At UC, like many other colleges, undergraduate students have to pass English 1001 to graduate. If they earn below a C-, we give them an "NP," or "Not Proficient," and they have to take it again until they pass. And unfortunately, there's a point at which you  just can't recover from the poor work you've done. There's no way to get that C-. This student massively failed the first major paper, despite the suggestions I gave on the first draft. When I discussed it with the head of the Comp Program, she agreed with me--he can't recover. He should drop my course and register for the class below it, English 1000, in the spring. So then I was faced with a dilemma. How do I tell this student that he's failed already? It wasn't even October yet! Do you just say, YO, DROP MY CLASS? Maybe give him one of these?
NP for effort!
That week, I had planned to schedule individual meetings with my students. I knew it would be maybe my only opportunity to talk frankly with this student, to help him see the severity of the situation.

The conference day arrived, a Wednesday. As I walked to campus, I was still pondering how I should break the news gently to this student. This poor, fragile guy. And finally it came to me: an apt metaphor for what I'm doing is like when a doctor breaks bad news to a patient. I thought about my dad. He was fantastic with his patients--everyone always says he was an amazing listener. He really listened to their concerns, to how they were feeling. He never tried to rush people out of the office. He was kind and patient and understanding. He always explained everything and answered any questions. He invested in them.

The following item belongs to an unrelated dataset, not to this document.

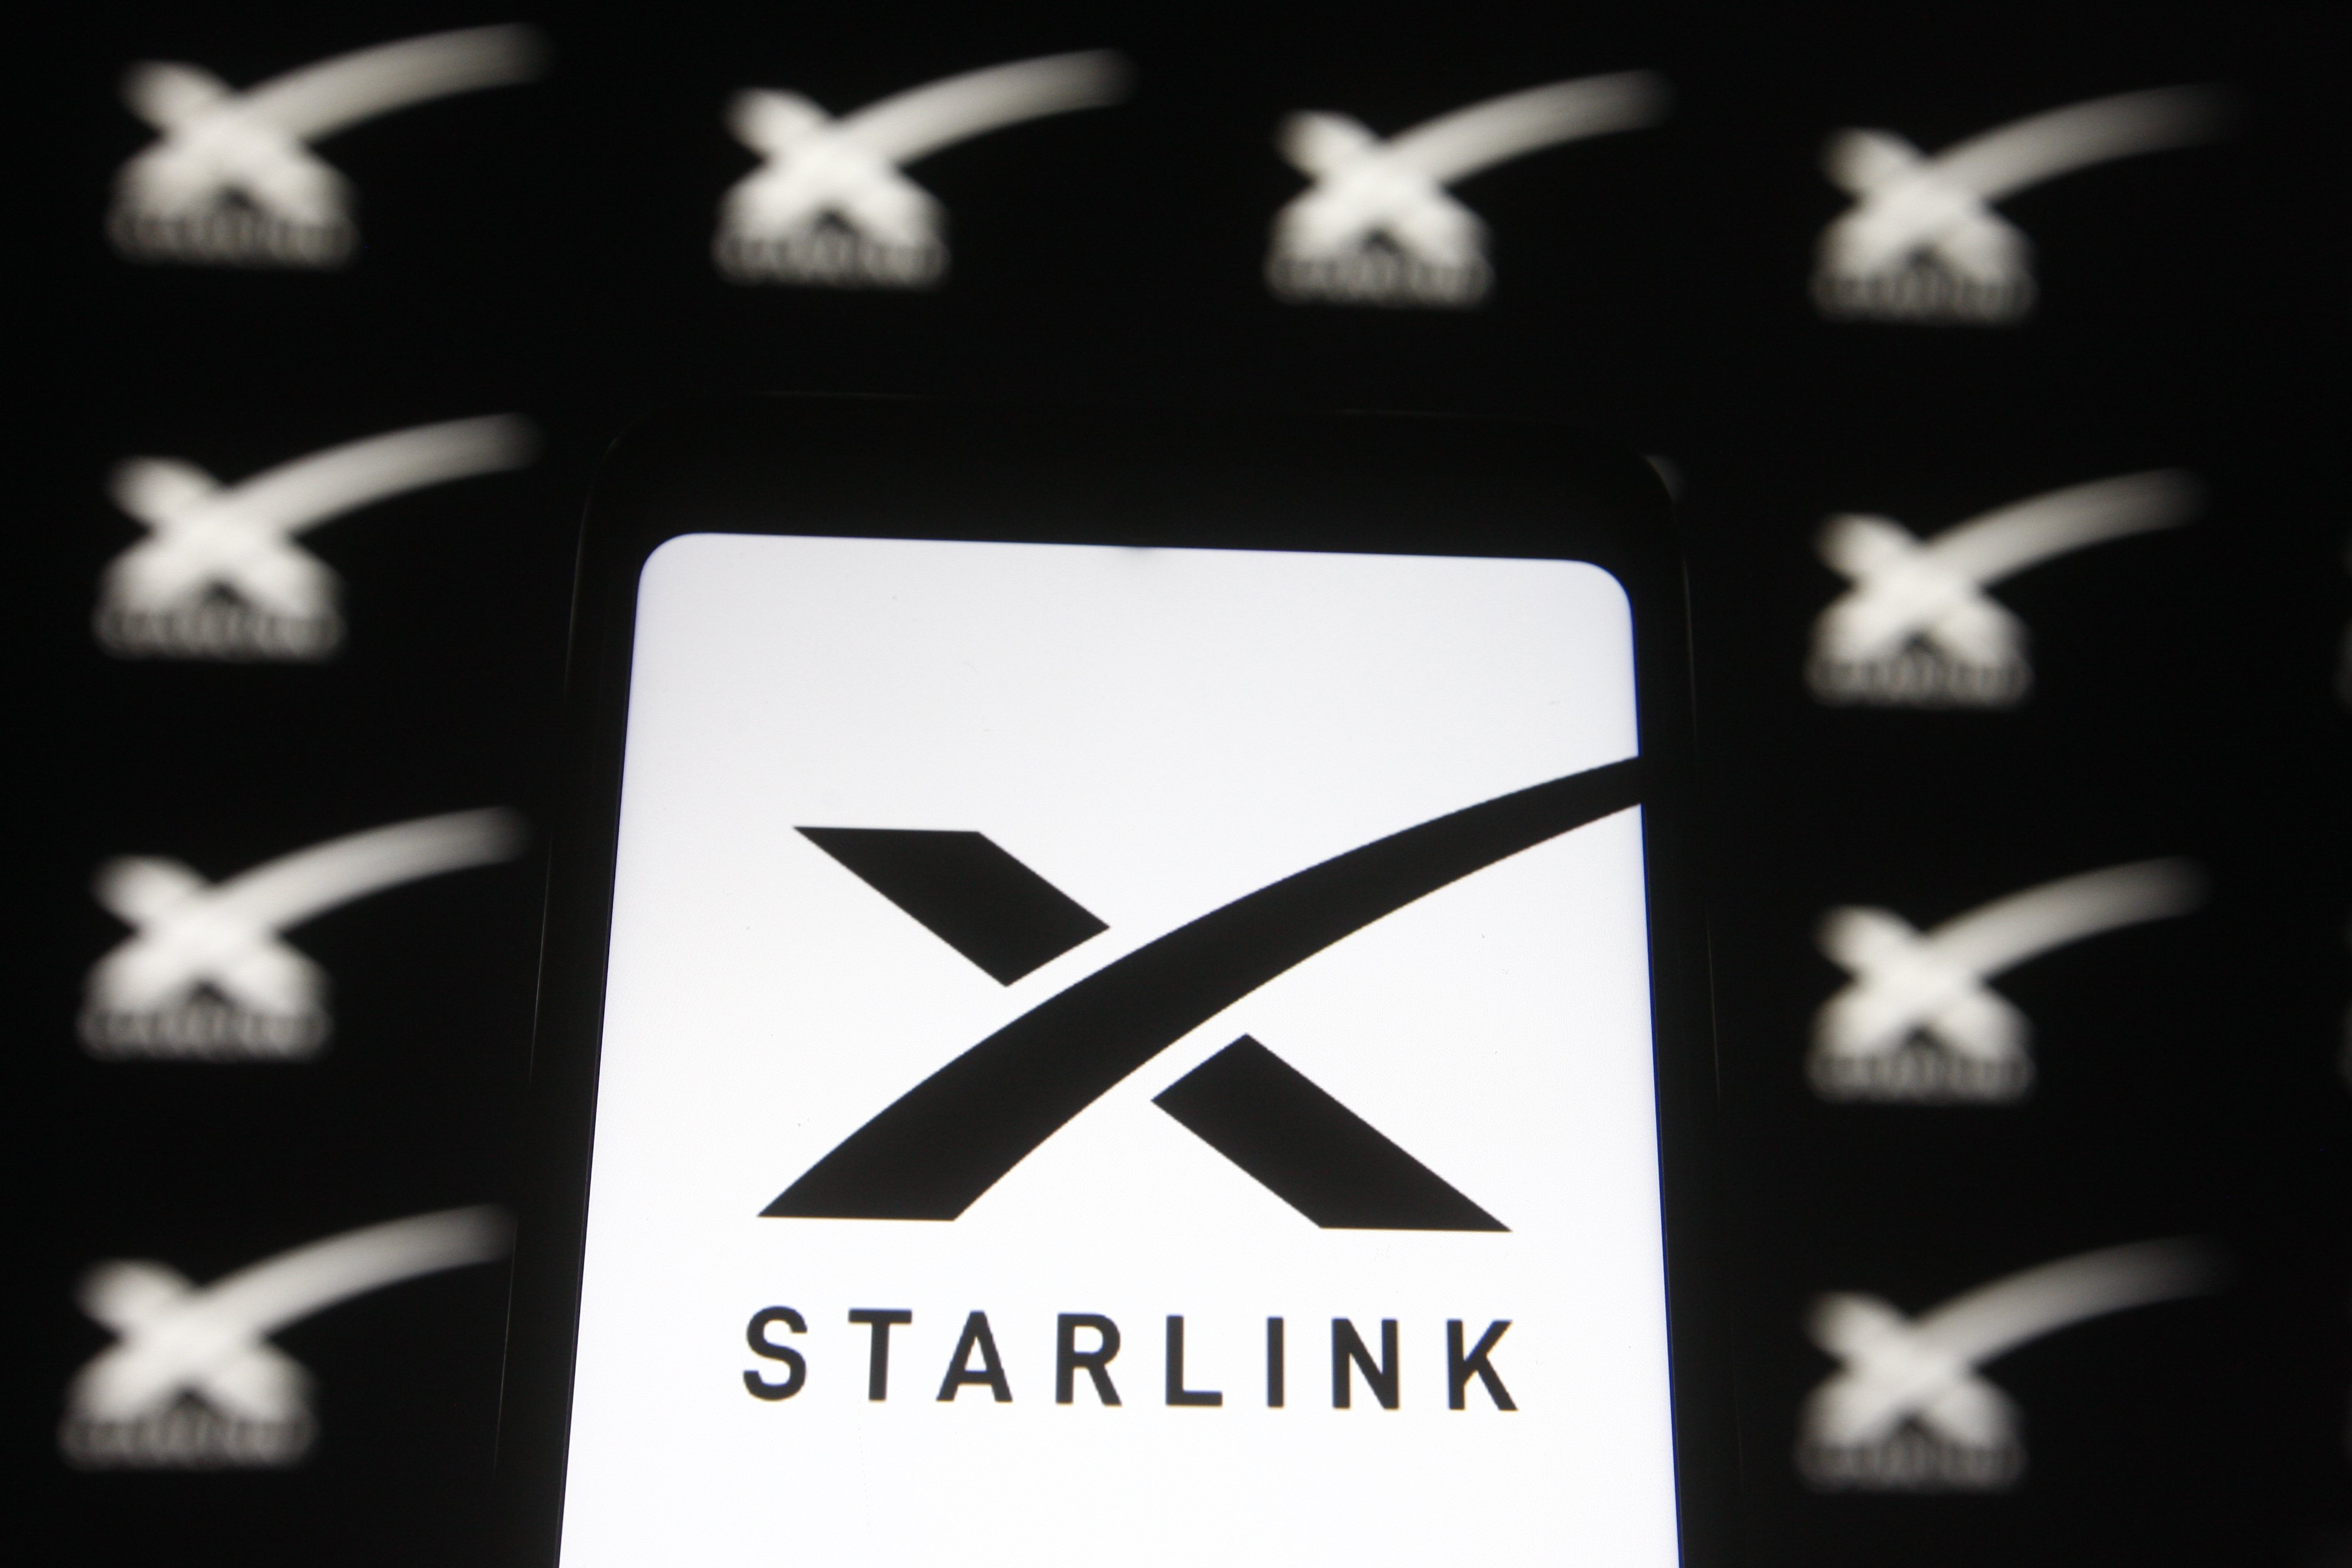 Starlink logo of a satellite internet constellation being constructed by SpaceX is seen on a smartphone and a pc screen

So I'm walking up the hill and repeating to myself, good bedside manner, good bedside manner. Be kind, be kind, be gentle. When, a few minutes later, the student approached my table at Starbucks, I reminded myself to channel Dr. Brown. It...it went as well as I could have hoped. He was upset to hear he was failing so badly, but seemed to understand me. I apologized for having to give him such bad news. But I tried to balance the bad news with encouragement and advice: even if you drop now, you will be more prepared for next time. You just have to take advantage of the resources on campus. You have some nice ideas in your papers, but your writing just isn't quite there yet. (Okay, that one was sort of a lie.)

Maybe I did a better job being nice than convincing the student of the hopelessness of his grade, because he didn't drop. He stayed. He even raised his hand and answered a question last Thursday! He turned in a couple more assignments, but not the draft of the 8-page research paper. With anyone else, this would turn me into Red-Alert-Oh-Boy-You're-Screwed professor, but with this guy...it doesn't exactly matter. The last day to drop has passed, so he's officially getting an NP...no matter what.

I guess my job should be some combination of the kindly, helpful family practice doctor--who has the time and heart to explain things, to listen as they stumble towards a vaguely workable research topic--and an ER doctor, who's just trying to keep the patient alive, at all costs.

I don't know. Every time I'm harsh, I feel bad; every time I let something slide, I regret it. I'm still trying to work out the right mix of nice and tough. Ultimately, though, I'm just really hoping that this guy doesn't show up on my roster next semester! I'm not as good a person as my Dad was.